Now, the city faces additional steep expenses as it awaits a conditions assessment on the Market Square garage. If the garage proves too costly to repair, demolition and replacement with a surface lot could cost more than $1 million, according to Grella, but repair estimates from several years ago suggest that a rehabilitation project could be $5 million or more.

Increasing the meter rate to 50 cents would help ensure that the parking fund breaks even, but would not address the anticipated costs associated with the Market Square garage. As a result, while city officials were anxious for input on parking improvement ideas, the options available to them are limited, Grella said. At the same time, it's clear that the status quo isn't working.

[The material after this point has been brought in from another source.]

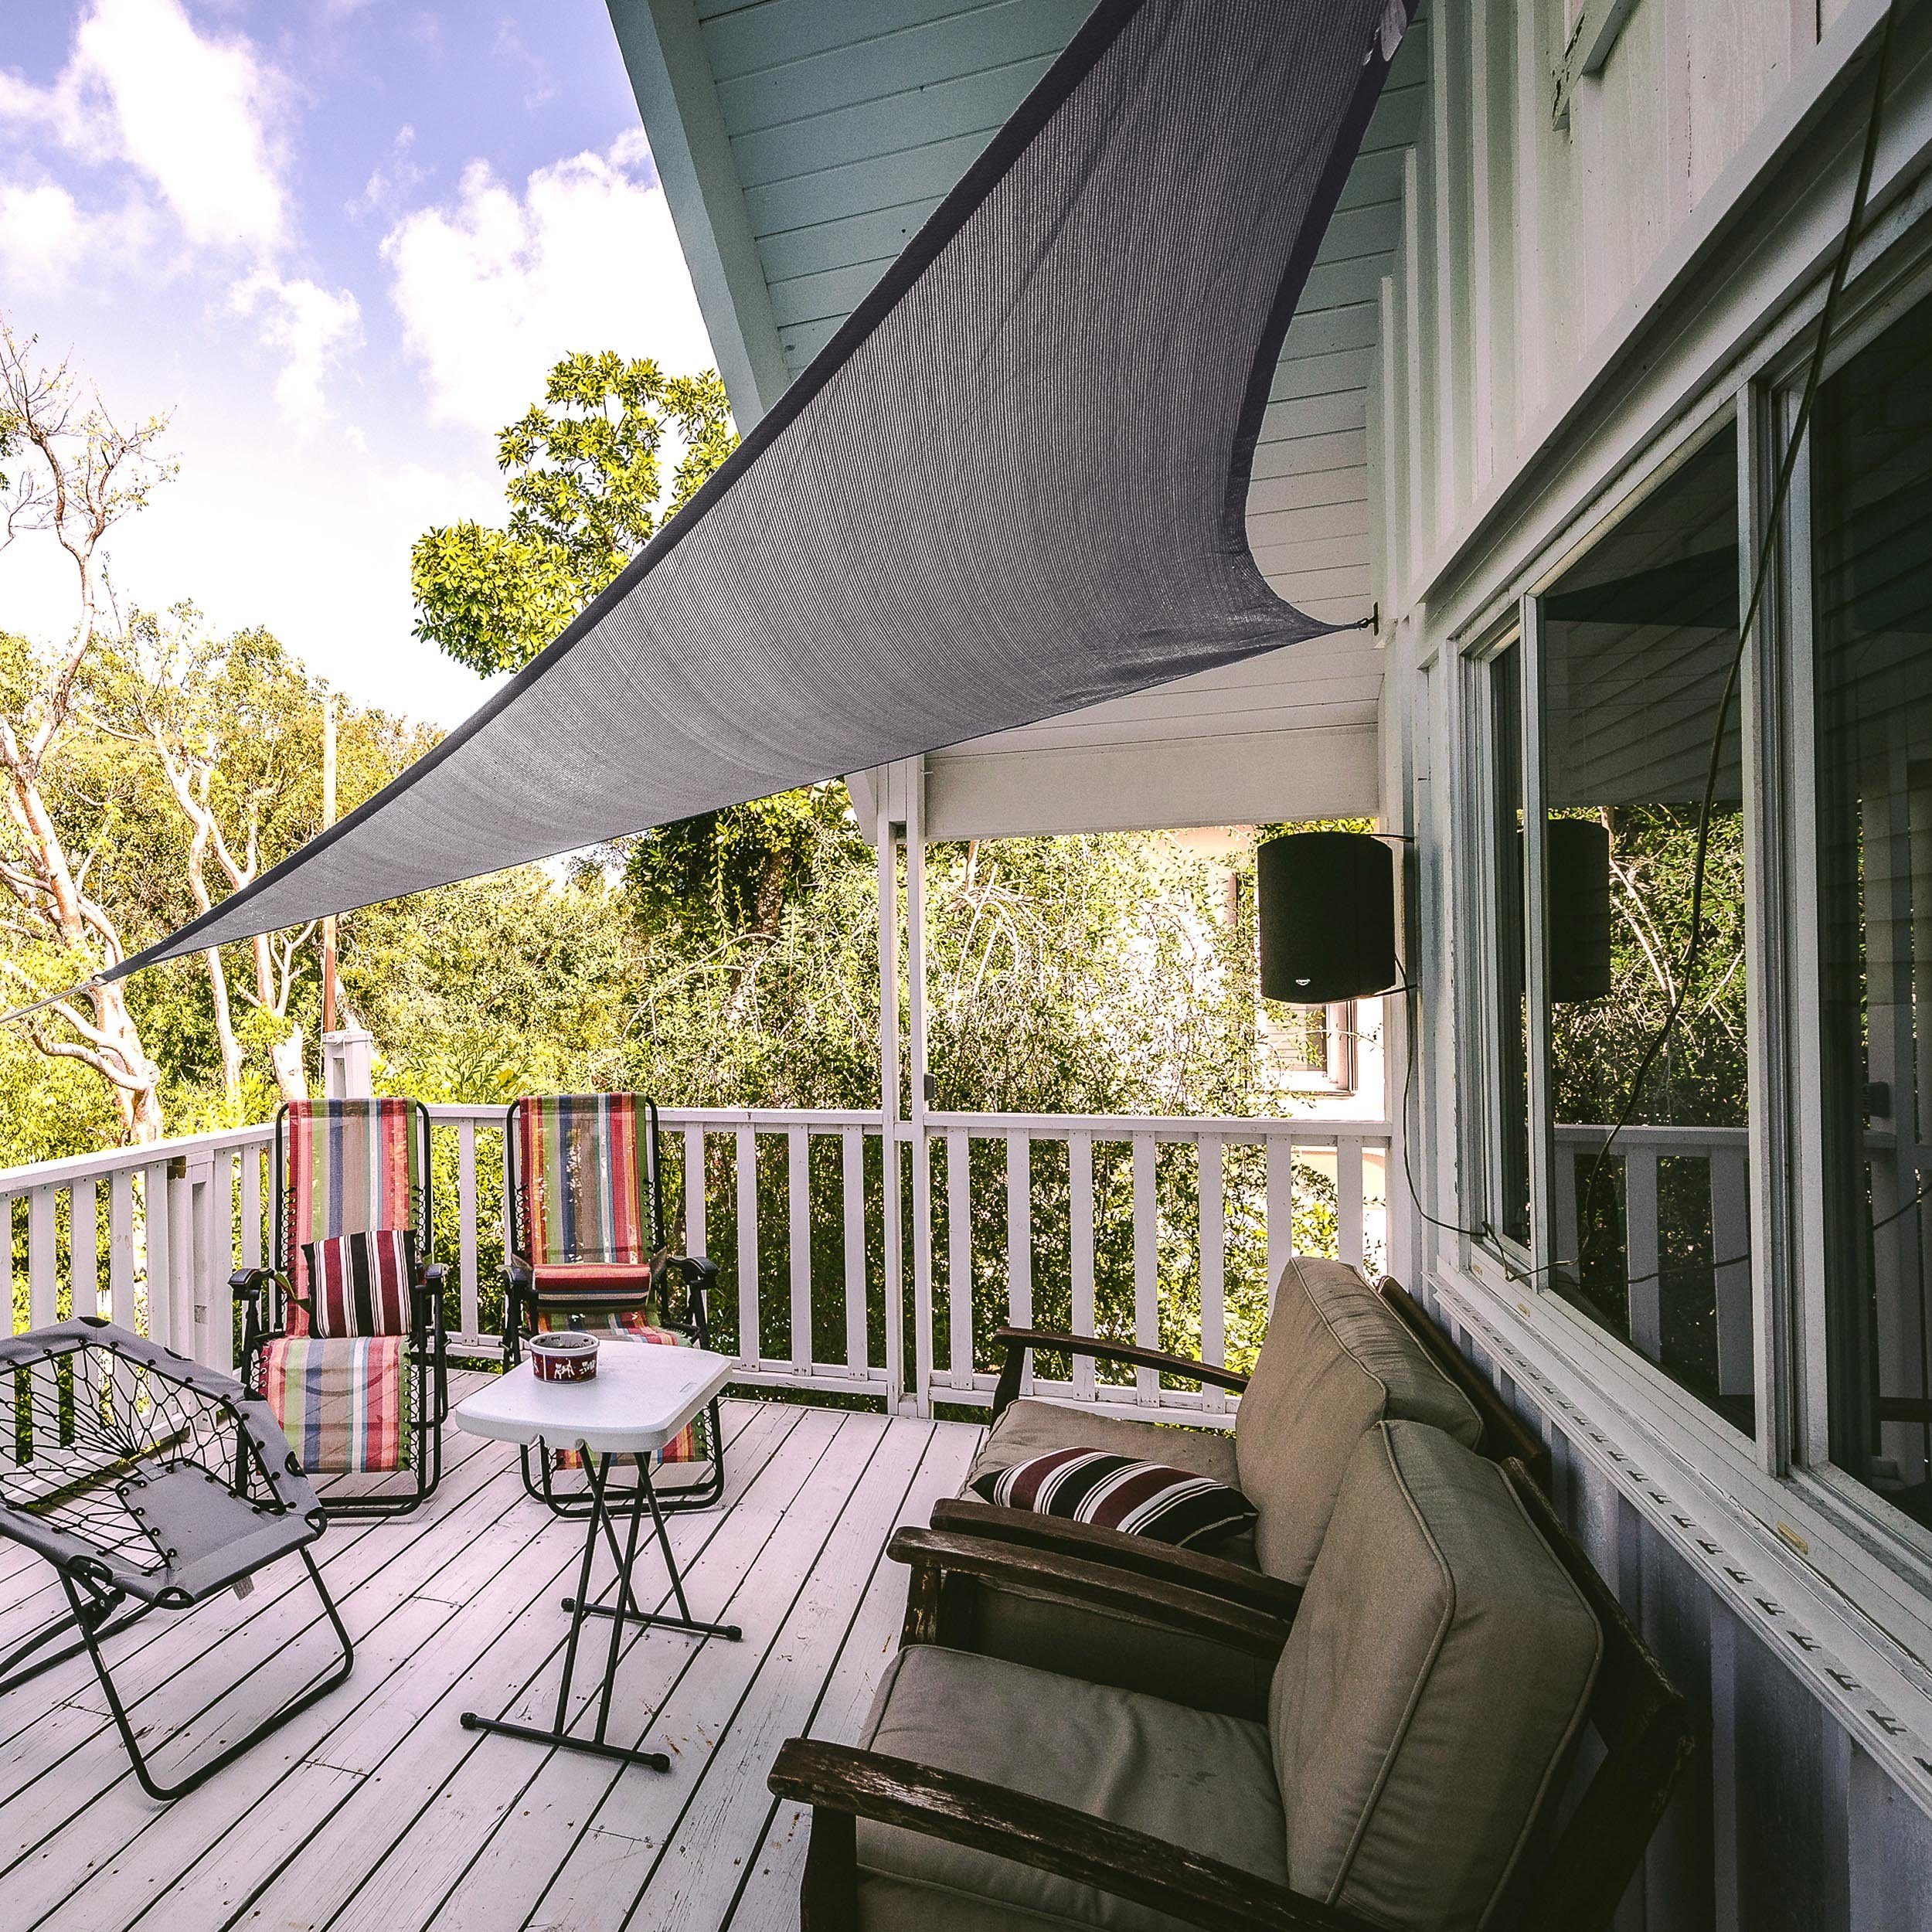 und Light und & stabiler Hometex Sonnensegel Windschutz stabil Textiles vielseitig, Grey robust, Garten, für - Terrasse Balkon robuster Sonnenschutz Schattenspender Premium

"The current assemblage of parking rates and parking services that we have right now has not given us what we need to prepare for the next 10 years, especially when there are looming costs that we know will be coming down the horizon," Grella said.

Asking the town hall participants for "new, creative ideas," Grella summed up the situation sardonically: "We're in a predicament."

It's a predicament that may not matter much to downtown visitors like Allegheny College student Pablo Lee.

As Waid pulled out of the Academy Theatre lot Wednesday afternoon, Lee was pulling into a nearby spot just off Chestnut Street — a spot that still had about 90 minutes on the meter from a previous visitor, more than enough for him to pick up a treat at the bakery just across the street and perhaps visit other stores.

Lee might pay 50 cents for meters if he had to, but he would prefer to avoid it, he said.

"It should remain the way that it is because there's not that many people parking down here as it is," he said with a glance at the available spots nearby. "The little parking that we do have should not be upcharged."